# American Masala/Savir Saran



## whitey ford (Jun 22, 2007)

Sometimes I do think the "law of attraction" is real.

Met a guy the other day and could tell he was interesting, could tell he was from NYC. So I was chatting him up. Turns out he is the boyfriend of Savir Saran, the author of the new book, American Masala, who previously wrote, Indian Home Cooking.

They have purchased a 70 acre farm near where I live and are raising goats, geese, chickens.

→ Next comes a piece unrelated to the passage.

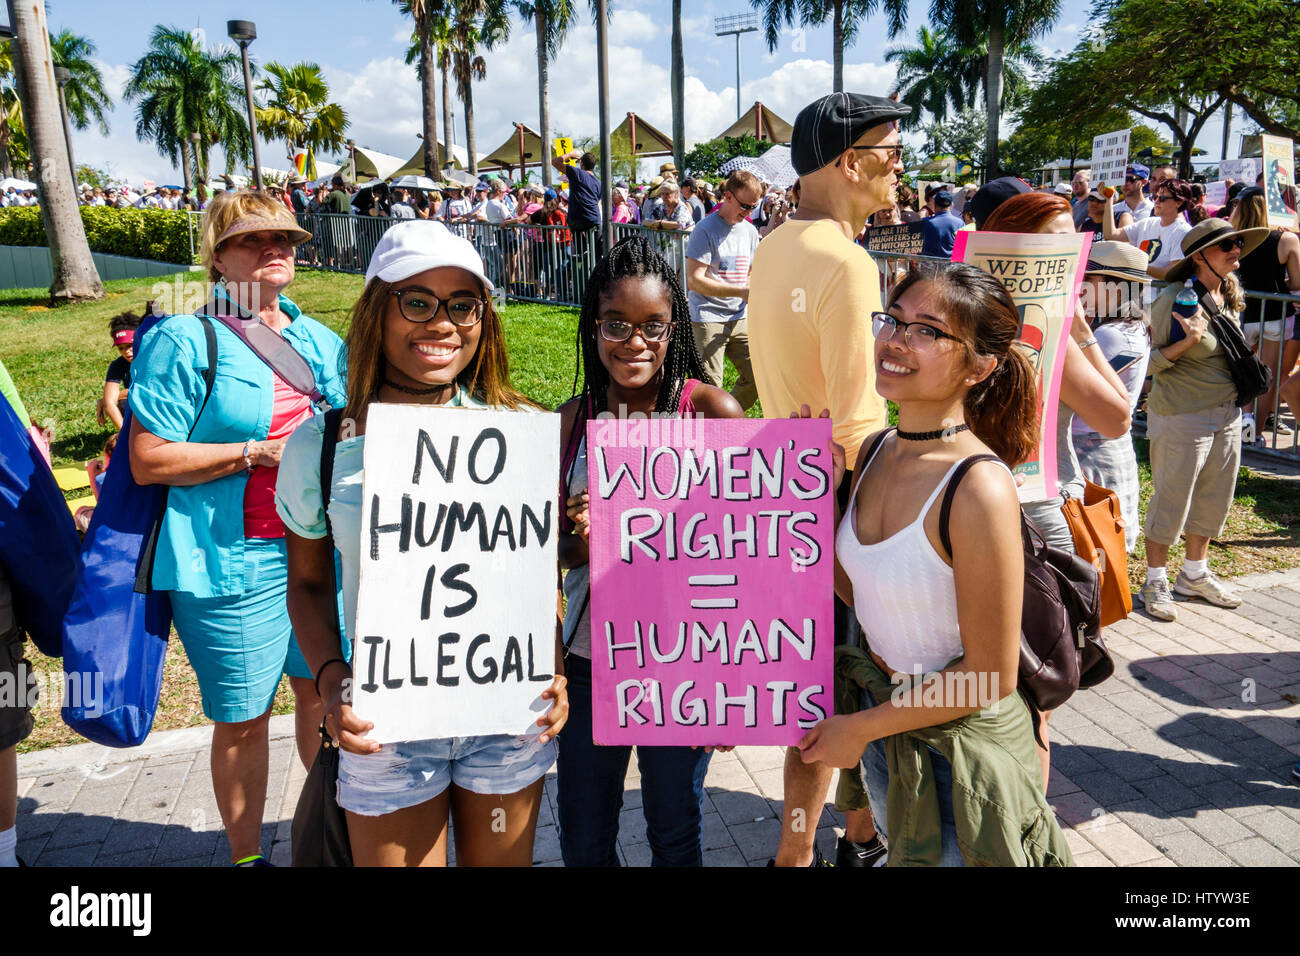 Miami Florida,Downtown,Bayfront Park,Women's March,political protest,march,Human rights,advocacy,sign,Black Asian,students pupil girl girls,f Foto Stock

Renovating the kitchen.

I haven't seen the books yet, but I will.

Here's a link to the review page at Amazon:
Amazon.com: Customer Reviews: American Masala: 125 New Classics from My Home Kitchen

He also has a website that tells the history of the farm, has info about his restaurant in NYC, describes the animals, has great pictures, has recipes and biographical info.

Just fascinating.


----------



## mezzaluna (Aug 29, 2000)

Suvir Saran is a registered member of Chef Talk, although he's been absent for several years. I have his Indian Home Cooking cookbook. It's beautiful and the recipes are well within the American home cook's abilities.


----------



## moopsee (Nov 6, 2007)

As I was reading the first comment, I went to Amazon. What varied responses from those who have purchased the book. Interesting to think of the Indian version of American food -- I can see how some were disappointed thinking it would be Indian Cuisine versus those who seemed to get the picture that it was to be American Food through the Authors eyes. quite a varied end of the spectrum represented. I've been learning to cook with some of the Indian style foods lately because my favorite restaurant closed it's doors 6 months ago and the replacement was a fast food chain. bleck.


----------



## suvir saran (Jul 26, 2002)

The person giving the negative review seems quite logically someone with a motive besides wanting to really review the book.
Had they made the mac and cheese recipe, or even looked at it, they would not have made the statement they did.
Clearly they have some axe to grind, or are an author that cannot wish well for another.
Once anyone makes this mac and cheese, they will never make another recipe.
And it is not about India, that recipe, but about spices and blooming them and using them smartly.
epicurious.com has picked the book as their Top 10 cookbooks of the year. And interestingly enough, chosen the Masala Fried Chicken as their recipe to feature on the site.

The book was a labor of love and much hard work. Raquel my co-writer, spent hours at my side in kitchen. We had much to go back and forth about and in end, we ensured that the recipes worked, that they matched what was served at my table and were never too cute or clever, but always grounded in the essence of what is home cooking and practical cooking.

Give the book a chance, you will find it quite fun. This is the food of people that live today and want familiar flavors, but updated and made as one would, if they have traveled and eaten well.

The coleslaw recipe from the salad chapter, would be a fun place to start.. simple and easy, yet very different and yet never too foreign. It has become an instant hit at Devi. The chefs and customers are each smitten by it. Funny!

Or make the guacamole. Or even the donuts. All so familiar, yet surprisingly different and delicious... recipes I have eaten endlessly and made way too often, and yet recipes that give you new reason to give time and focus to old favorites.

Indian Home Cooking has done very well, and sold amazingly well, for it has found the respect of Indian's around the world. They are buying it, sharing it with one another and cooking from it. It is that what made me very happy and in some ways, feel like a proud parent. Everytime an Indian writes me to thank me for a book that is celebrating the home cuisine of India, I feel it was worth all the effort.

And today, Thanksgiving day, I feel elated to have come back to emails from around the country, from people who made the cornbread, turkey and many vegetable sides from American Masala. And felt they did the correct thing. The Brussels Sprouts recipe seems to have charmed many. For those of you that are suspicious of this lovely vegetable, give the recipe in AM a try. You might finally find room for it in your heart and at your table.

Been many years since I have visited the site. Delighted to be back. Anyone wanting to keep in touch, please email me at [email protected]

I am not great at keeping up with sites and forums. But promisr to reply it I get an email.

Thanks!

Suvir


----------



## suvir saran (Jul 26, 2002)

Have we met you? Do you live in Hebron?
Stop by anytime when you are driving by the farm.
If you see a car, Charlie is there for sure.
And if I am there, I will be happy to even make a quick snack...
do you have a farm too?
very curious!


----------



## mezzaluna (Aug 29, 2000)

Chef Saran, it's wonderful to see you here again! :bounce: Any time you can spend with us is a benefit to the community.

Mezzaluna


----------